| TASK INPUT |

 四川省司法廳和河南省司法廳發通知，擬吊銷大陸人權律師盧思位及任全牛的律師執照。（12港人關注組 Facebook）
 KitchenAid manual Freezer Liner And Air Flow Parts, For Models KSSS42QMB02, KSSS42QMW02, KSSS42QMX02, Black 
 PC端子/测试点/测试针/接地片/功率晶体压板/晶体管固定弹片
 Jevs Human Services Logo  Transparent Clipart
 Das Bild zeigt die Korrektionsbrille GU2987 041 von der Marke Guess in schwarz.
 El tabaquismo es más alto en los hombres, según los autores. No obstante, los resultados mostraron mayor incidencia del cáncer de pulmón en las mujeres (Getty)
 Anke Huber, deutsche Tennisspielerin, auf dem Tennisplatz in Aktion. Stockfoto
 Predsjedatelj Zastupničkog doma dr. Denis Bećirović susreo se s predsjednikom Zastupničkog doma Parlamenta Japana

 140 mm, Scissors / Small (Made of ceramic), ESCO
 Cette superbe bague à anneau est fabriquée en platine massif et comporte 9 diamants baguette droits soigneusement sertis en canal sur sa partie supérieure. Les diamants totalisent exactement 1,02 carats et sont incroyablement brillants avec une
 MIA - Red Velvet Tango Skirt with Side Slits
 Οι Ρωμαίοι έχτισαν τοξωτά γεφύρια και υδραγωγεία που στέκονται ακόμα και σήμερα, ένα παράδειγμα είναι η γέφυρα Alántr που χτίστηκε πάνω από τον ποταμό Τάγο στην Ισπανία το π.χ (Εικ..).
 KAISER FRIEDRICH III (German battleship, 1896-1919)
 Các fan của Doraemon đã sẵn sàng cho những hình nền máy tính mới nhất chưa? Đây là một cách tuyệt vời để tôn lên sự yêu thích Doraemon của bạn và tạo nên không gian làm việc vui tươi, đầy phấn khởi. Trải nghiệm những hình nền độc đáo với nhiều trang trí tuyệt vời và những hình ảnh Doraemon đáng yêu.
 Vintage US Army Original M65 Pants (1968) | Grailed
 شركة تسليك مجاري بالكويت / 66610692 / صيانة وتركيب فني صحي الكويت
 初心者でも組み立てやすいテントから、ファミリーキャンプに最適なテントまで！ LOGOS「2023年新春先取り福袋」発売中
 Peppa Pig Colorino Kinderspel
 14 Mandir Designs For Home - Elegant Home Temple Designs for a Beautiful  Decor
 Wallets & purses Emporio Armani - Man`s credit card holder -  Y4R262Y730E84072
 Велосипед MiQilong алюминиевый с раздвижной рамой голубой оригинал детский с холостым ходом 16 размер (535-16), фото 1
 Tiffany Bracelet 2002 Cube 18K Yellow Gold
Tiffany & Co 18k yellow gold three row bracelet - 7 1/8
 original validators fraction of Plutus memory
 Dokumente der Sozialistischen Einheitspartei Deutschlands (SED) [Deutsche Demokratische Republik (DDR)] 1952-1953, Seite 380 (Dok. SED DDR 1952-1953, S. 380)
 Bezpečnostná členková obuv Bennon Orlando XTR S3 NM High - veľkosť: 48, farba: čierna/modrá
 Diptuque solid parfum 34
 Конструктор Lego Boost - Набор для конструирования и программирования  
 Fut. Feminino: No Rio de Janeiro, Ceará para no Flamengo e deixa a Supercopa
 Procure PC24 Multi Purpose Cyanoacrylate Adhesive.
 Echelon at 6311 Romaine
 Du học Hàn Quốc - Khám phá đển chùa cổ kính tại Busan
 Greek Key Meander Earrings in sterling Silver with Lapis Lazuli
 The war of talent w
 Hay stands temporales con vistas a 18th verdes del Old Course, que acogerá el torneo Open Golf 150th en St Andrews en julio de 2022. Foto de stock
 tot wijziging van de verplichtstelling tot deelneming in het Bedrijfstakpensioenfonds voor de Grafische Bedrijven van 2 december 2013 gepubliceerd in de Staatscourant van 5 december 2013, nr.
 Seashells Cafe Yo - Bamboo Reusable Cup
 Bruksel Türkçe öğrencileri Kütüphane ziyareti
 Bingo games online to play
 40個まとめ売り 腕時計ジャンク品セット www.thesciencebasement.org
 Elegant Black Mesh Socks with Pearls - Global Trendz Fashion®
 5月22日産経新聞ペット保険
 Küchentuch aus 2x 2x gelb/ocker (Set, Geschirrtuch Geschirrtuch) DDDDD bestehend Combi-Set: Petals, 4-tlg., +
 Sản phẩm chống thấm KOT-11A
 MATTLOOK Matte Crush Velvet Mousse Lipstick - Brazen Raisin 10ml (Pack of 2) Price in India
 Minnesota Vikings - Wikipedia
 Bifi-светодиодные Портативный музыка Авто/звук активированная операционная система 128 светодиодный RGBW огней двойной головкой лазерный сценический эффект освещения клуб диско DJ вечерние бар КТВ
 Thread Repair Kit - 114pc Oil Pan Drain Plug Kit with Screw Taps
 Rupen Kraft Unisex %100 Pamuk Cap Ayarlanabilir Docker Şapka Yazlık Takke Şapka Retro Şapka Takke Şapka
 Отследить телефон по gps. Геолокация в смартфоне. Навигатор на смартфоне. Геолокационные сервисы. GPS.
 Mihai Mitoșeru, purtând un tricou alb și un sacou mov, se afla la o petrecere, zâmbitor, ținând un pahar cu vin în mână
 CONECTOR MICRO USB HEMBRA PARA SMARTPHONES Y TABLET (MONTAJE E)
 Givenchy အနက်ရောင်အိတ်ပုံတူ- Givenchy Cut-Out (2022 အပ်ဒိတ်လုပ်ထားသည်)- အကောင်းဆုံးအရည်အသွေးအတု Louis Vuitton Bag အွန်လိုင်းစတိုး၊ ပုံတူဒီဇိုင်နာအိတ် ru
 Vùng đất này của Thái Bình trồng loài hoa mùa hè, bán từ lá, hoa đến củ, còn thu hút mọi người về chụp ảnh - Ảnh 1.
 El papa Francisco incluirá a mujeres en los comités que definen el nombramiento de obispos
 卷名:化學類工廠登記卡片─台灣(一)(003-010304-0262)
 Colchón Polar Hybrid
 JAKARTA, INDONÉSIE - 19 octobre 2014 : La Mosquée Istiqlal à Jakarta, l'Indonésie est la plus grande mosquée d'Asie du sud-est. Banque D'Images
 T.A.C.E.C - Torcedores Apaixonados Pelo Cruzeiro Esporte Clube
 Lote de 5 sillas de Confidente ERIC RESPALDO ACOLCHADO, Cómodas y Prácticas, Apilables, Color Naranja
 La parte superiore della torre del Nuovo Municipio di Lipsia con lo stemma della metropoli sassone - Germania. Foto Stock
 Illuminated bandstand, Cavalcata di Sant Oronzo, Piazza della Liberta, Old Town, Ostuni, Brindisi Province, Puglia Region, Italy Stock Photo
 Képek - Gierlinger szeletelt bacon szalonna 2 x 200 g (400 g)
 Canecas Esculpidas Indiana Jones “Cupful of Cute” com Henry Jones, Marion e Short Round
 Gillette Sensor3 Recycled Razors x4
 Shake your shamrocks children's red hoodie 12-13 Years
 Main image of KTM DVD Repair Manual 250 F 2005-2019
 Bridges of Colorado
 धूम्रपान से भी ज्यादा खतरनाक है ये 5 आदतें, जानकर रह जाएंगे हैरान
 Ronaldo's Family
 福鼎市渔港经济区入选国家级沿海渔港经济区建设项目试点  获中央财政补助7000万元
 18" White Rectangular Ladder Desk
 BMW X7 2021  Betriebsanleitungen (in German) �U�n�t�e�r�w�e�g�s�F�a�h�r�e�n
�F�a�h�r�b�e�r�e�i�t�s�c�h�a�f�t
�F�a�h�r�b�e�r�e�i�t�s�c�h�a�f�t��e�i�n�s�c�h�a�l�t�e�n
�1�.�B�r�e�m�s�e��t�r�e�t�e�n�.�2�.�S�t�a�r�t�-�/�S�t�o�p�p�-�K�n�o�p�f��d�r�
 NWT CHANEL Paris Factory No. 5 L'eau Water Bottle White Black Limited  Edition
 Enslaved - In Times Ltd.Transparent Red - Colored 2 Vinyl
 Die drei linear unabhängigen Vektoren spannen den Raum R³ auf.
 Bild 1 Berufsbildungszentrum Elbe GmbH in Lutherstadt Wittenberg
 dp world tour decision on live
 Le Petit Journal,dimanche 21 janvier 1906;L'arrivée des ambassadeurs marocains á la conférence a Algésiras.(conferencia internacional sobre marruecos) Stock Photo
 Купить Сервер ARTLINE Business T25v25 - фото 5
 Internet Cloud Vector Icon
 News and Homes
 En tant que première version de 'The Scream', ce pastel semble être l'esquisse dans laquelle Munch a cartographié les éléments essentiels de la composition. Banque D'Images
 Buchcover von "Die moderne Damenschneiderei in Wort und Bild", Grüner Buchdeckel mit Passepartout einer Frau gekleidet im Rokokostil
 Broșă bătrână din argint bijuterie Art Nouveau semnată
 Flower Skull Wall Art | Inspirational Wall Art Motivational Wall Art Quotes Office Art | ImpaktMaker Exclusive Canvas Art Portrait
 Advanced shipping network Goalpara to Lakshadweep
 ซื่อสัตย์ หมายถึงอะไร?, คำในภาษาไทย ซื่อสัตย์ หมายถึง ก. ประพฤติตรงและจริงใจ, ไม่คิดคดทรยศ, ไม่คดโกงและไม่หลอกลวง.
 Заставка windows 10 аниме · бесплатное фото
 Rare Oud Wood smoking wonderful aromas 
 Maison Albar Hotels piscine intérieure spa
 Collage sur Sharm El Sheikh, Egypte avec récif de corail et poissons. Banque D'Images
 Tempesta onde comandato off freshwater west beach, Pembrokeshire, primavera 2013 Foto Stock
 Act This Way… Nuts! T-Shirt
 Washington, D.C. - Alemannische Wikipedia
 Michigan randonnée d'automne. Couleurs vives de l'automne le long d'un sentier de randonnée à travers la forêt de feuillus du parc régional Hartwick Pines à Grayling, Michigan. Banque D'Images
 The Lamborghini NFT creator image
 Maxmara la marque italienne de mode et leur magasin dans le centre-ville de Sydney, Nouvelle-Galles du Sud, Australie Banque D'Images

| REQUIREMENT |
Write the lines again exactly, from the first line of the material above to the line that includes "MIA - Red Velvet Tango Skirt with Side Slits", both included. Leave out all the rest.

| ANSWER FOR THIS EXERCISE |
 四川省司法廳和河南省司法廳發通知，擬吊銷大陸人權律師盧思位及任全牛的律師執照。（12港人關注組 Facebook）
 KitchenAid manual Freezer Liner And Air Flow Parts, For Models KSSS42QMB02, KSSS42QMW02, KSSS42QMX02, Black 
 PC端子/测试点/测试针/接地片/功率晶体压板/晶体管固定弹片
 Jevs Human Services Logo  Transparent Clipart
 Das Bild zeigt die Korrektionsbrille GU2987 041 von der Marke Guess in schwarz.
 El tabaquismo es más alto en los hombres, según los autores. No obstante, los resultados mostraron mayor incidencia del cáncer de pulmón en las mujeres (Getty)
 Anke Huber, deutsche Tennisspielerin, auf dem Tennisplatz in Aktion. Stockfoto
 Predsjedatelj Zastupničkog doma dr. Denis Bećirović susreo se s predsjednikom Zastupničkog doma Parlamenta Japana

 140 mm, Scissors / Small (Made of ceramic), ESCO
 Cette superbe bague à anneau est fabriquée en platine massif et comporte 9 diamants baguette droits soigneusement sertis en canal sur sa partie supérieure. Les diamants totalisent exactement 1,02 carats et sont incroyablement brillants avec une
 MIA - Red Velvet Tango Skirt with Side Slits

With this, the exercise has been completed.